Multiplicar, por todo o país, iniciativas organizadas por grupos, associações, autarquias, escolas e outras instituições ou grupos informais da sociedade civil, suscitando a “participação de todas as pessoas e instituições que o desejarem” para fazer a memória e o luto de quem sofreu ou sofre com a pandemia; e, ao mesmo tempo, afirmar a esperança “no reforço de relações sociais fraternas, justas e portadoras de futuro para todas e todos”, são alguns dos objectivos e propostas da Jornada de Memória, Luto e Afirmação da Esperança que uma centena de cidadãos propôs que seja celebrada no fim-de-semana de 22 a 24 de Outubro próximo.

“O vírus da pandemia que assolou o mundo em 2020-21 está a ser combatido com eficácia pelas medidas sanitárias e pelas vacinas conseguidas em tempo recorde”, começa por notar o texto da declaração inicial, publicado dia 2 de Julho no Público, Jornal de Notícias e 7Margens – jornal digital de religiões e espiritualidades. “O rasto deixado é de desolação: o número dos diretamente afetados caminha para os 180 milhões e, desses, perto de quatro milhões perderam a vida. Estamos perante uma tragédia de proporções avassaladoras”.

A iniciativa começou por ser conversada em pequeno grupo, que depois se foi alargando até constituir uma comissão promotora de uma centena de membros. O Presidente da República associou-se à proposta dando- lhe o seu alto patrocínio. O documento diz que a jornada pretende “dar densidade, rosto, vida e sentido colectivo aos números, estatísticas e gráficos com que todos fomos confrontados desde março de 2020”, prestando tributo, de modo especial, aos que partiram, mas também acolhendo o sofrimento de quem foi afectado “pela pandemia e suas consequências”. Ao mesmo tempo, pretende-se “celebrar e agradecer a todos os que cuidaram da saúde e minoraram o sofrimento e a dor de tantos” e “afirmar a vontade de viver em comunidades que não querem deixar ninguém para trás”. Na declaração inicial, apresentam-se ainda sugestões de iniciativas e formas de as concretizar. Desde logo, propondo “dar corpo a tudo o que a pandemia nos deixa na memória, recorrendo a todas as linguagens expressivas, que não apenas, nem sobretudo, o discurso falado”.

Sinos a tocar, velas nas praças ou nas casas
Uma primeira sugestão é que, num dos dias, os sinos das igrejas toquem ao meio-dia e que as famílias coloquem, à noite, uma vela num espaço público colectivo ou na janela de casa.

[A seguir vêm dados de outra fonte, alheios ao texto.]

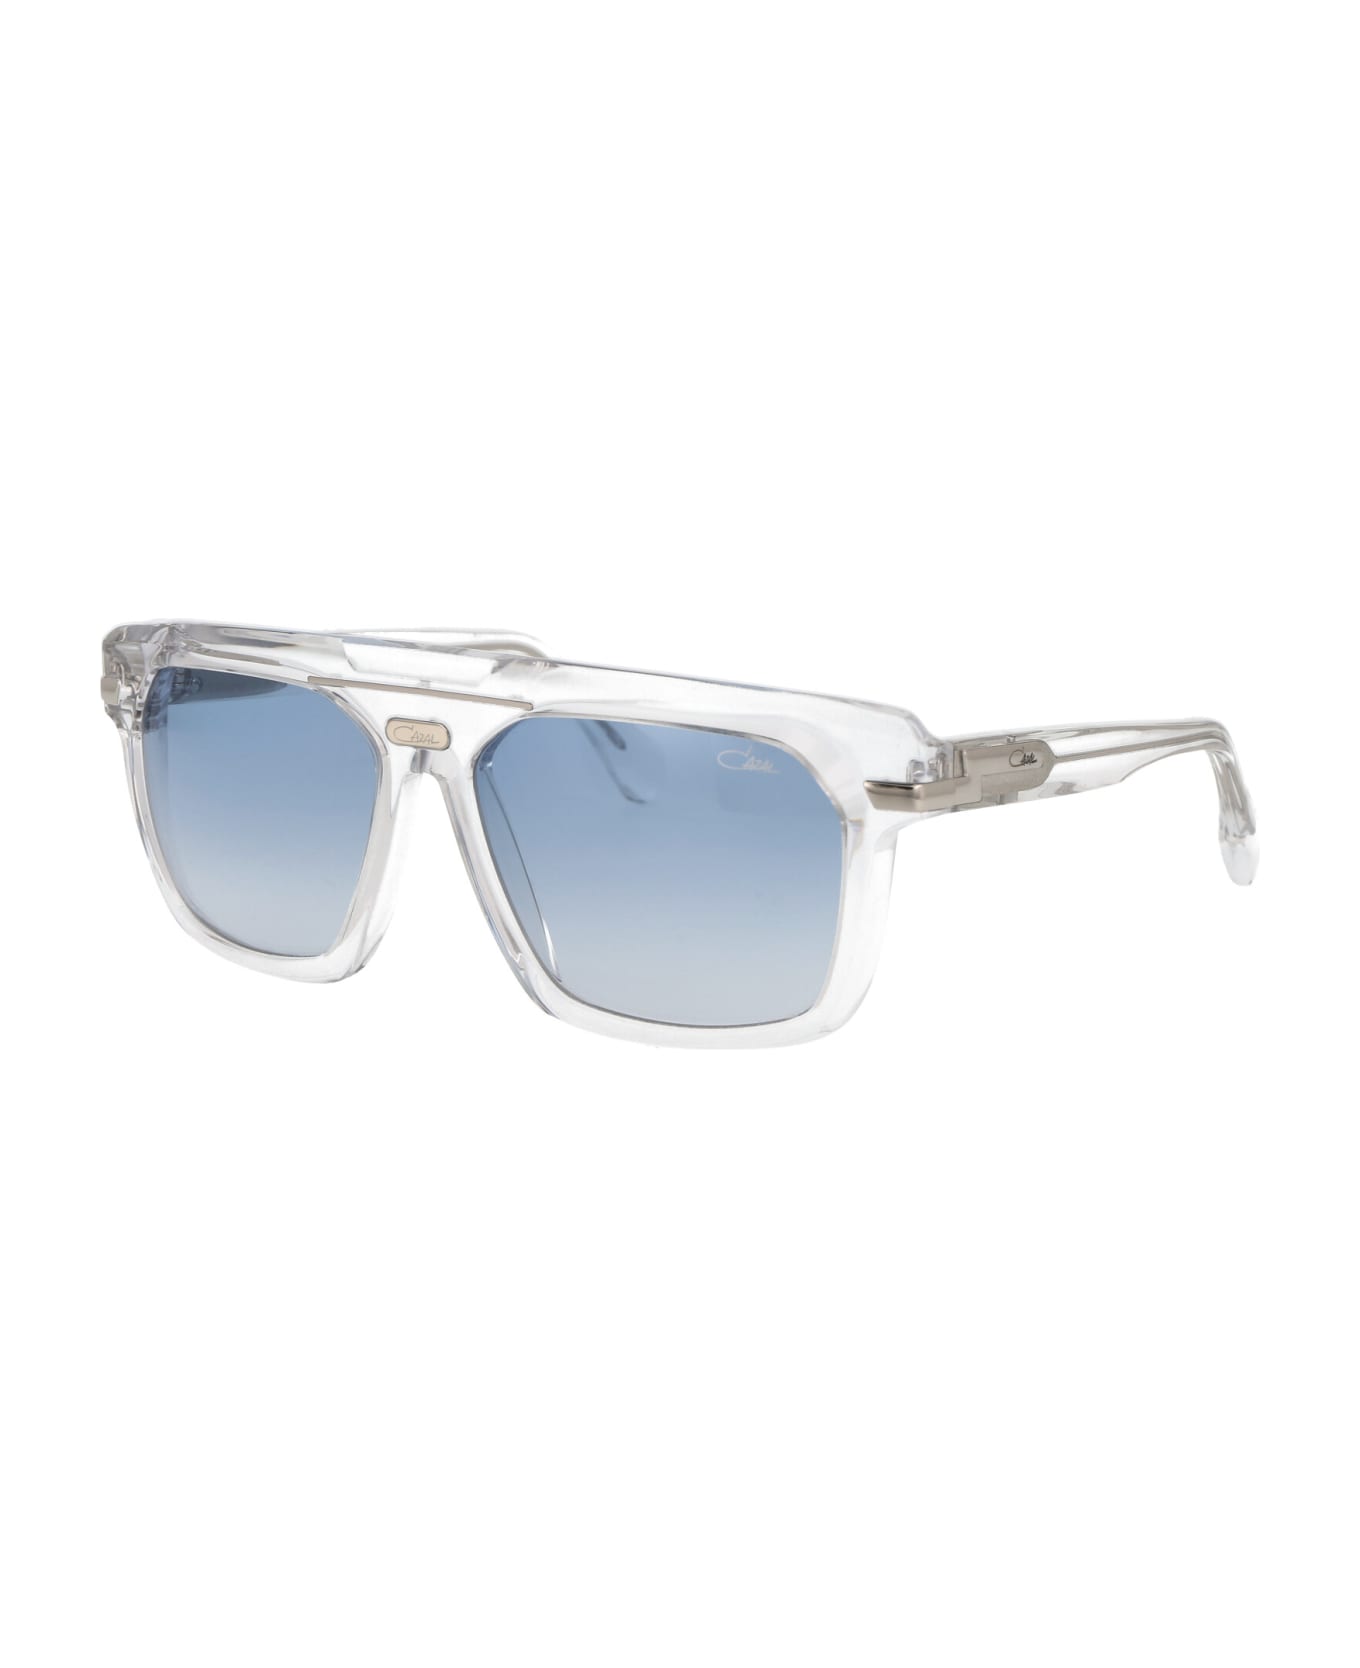 Cazal Mod. 8040 Sunglasses - 002 CRYSTAL

Instituições religiosas, com os seus rituais próprios, autarquias, escolas, instituições de saúde e de acção social ou protecção civil, bem como actores culturais são também referidos como âmbitos possíveis onde se podem organizar iniciativas. De igual modo, os meios de comunicação social são convidados a tomar iniciativas editoriais e de programação que entendam adequadas para assinalar a proposta.

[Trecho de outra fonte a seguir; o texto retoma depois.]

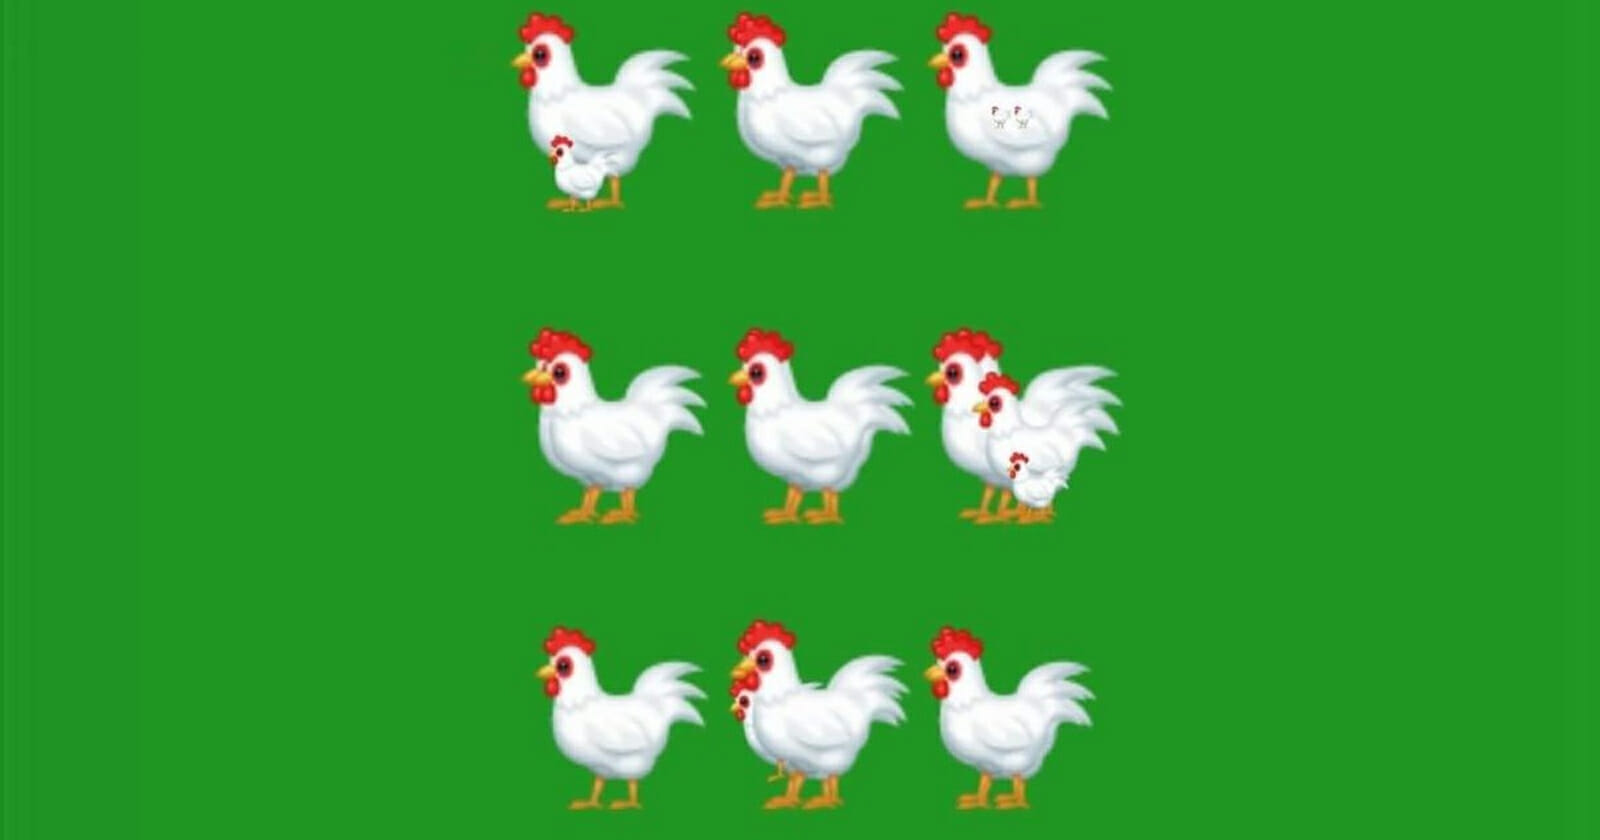 اكتشف عدد الدجاجات watanserb.com

“As iniciativas deverão ter um carácter aberto, plural e inclusivo, podendo assumir formas como celebrações cívicas, celebrações religiosas/ecuménicas, concentrações, desfiles, vigílias, tempos (minuto) de silêncio, cordões humanos, instalações artísticas, sessões musicais ou performativas (dança, poesia, teatro, murais…)”, sugere ainda o documento. Um site de informação onde se registam todas as iniciativas e propostas sobre o que se pode fazer, está entretanto disponível em www.memoriaeesperanca.pt, onde também se pode ler o documento inicial.

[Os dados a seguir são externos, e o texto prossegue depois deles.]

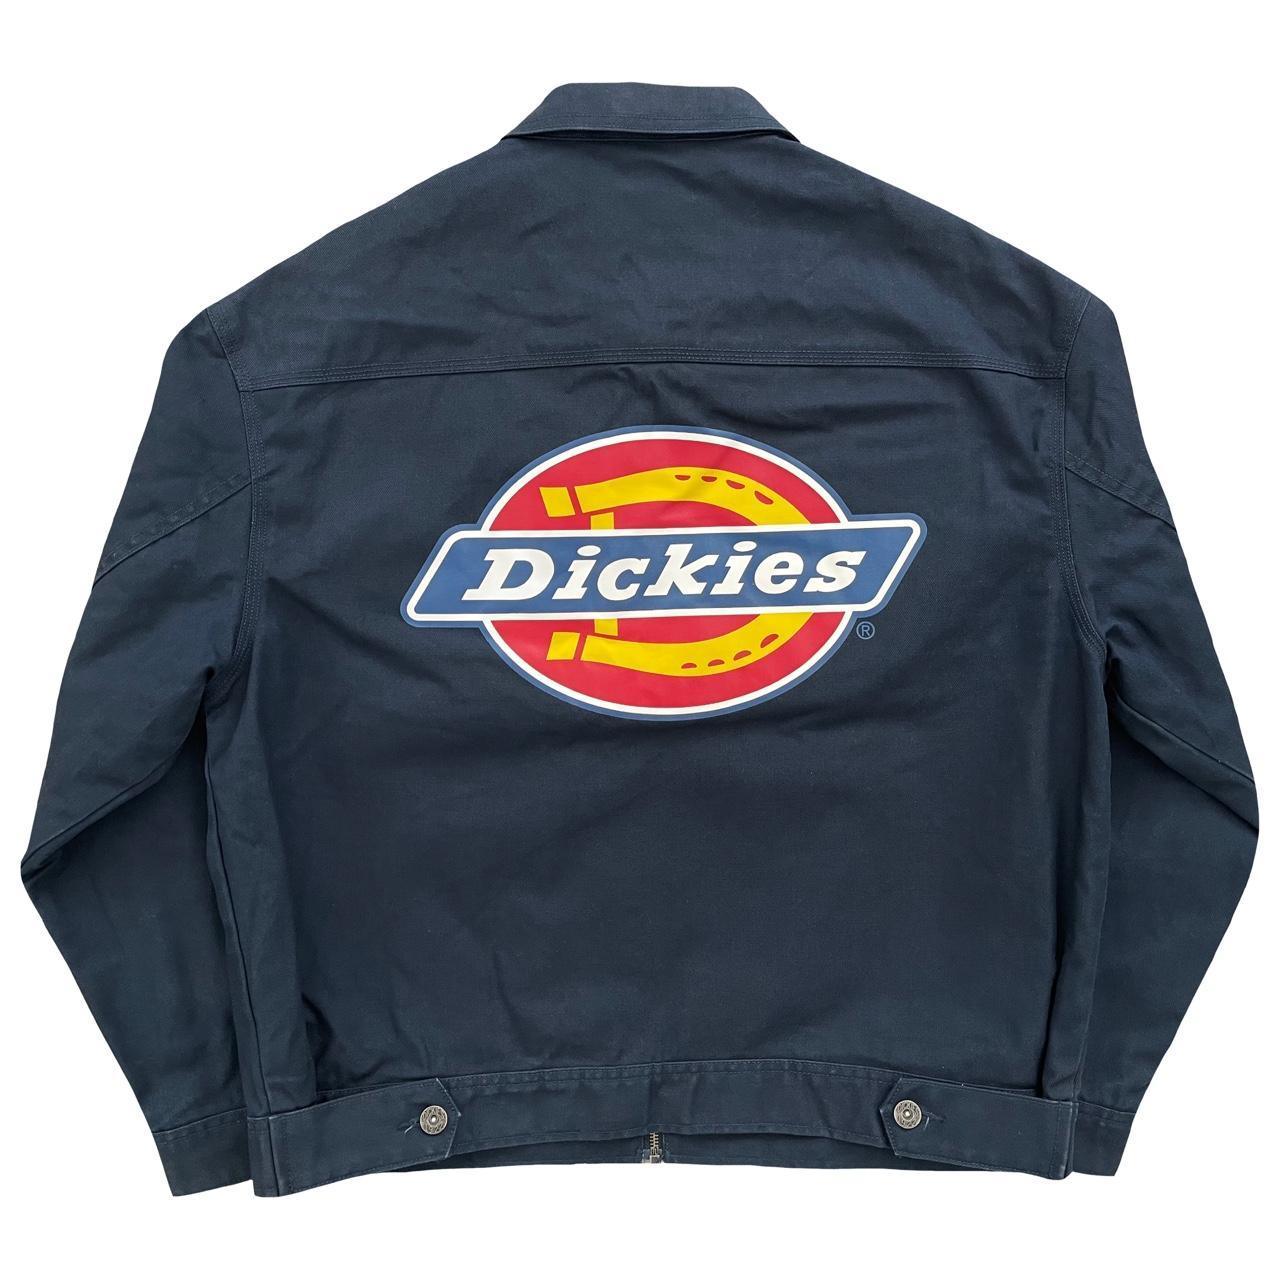 Dickies Workwear Jacket - Known Source

O texto justifica a proposta: “Ao olhar para a fase pós-pandemia na realidade que nos é mais próxima, não podemos esquecer, não podemos fazer tábua-rasa, da experiência traumática que o último ano representou para centenas de milhares de portugueses que viveram e vivem momentos trágicos.” Por isso, acrescenta, é necessário também afirmar a esperança, “conscientes do risco que existe de regresso ao velho normal”: “Esperança por estarmos mais preparados para enfrentarmos juntos os desafios da pós-pandemia e outros que se nos coloquem. Esperança fundada nos actos de solidariedade, dedicação e atenção de que fomos actores e testemunhas ao longo deste longo ‘inverno’.” E também esperança de “não desistir de pensar um outro mundo, de questionar o modelo de sociedade centrado no ter e não no ser”, reconhecendo que “somos todos vulneráveis e interdependentes, que estamos todos no mesmo barco e que reconhecê-lo pode ajudar a superar o medo”.

Fazer o luto
“Fazer o luto é imprescindível”, afirma o texto de apresentação da jornada, que lembra ainda em especial os idosos “que perderam a vida ou a lucidez”. Os gestos colectivos ajudam “a curar as feridas e a seguir em frente” e o luto comunitário é igualmente importante: há uma dimensão “comunitária do luto que não resulta apenas do somatório dos lutos individuais ou familiares” e que “precisa de ser feito, porque a tragédia que eclodiu e o trauma que ela originou são sociais e globais”.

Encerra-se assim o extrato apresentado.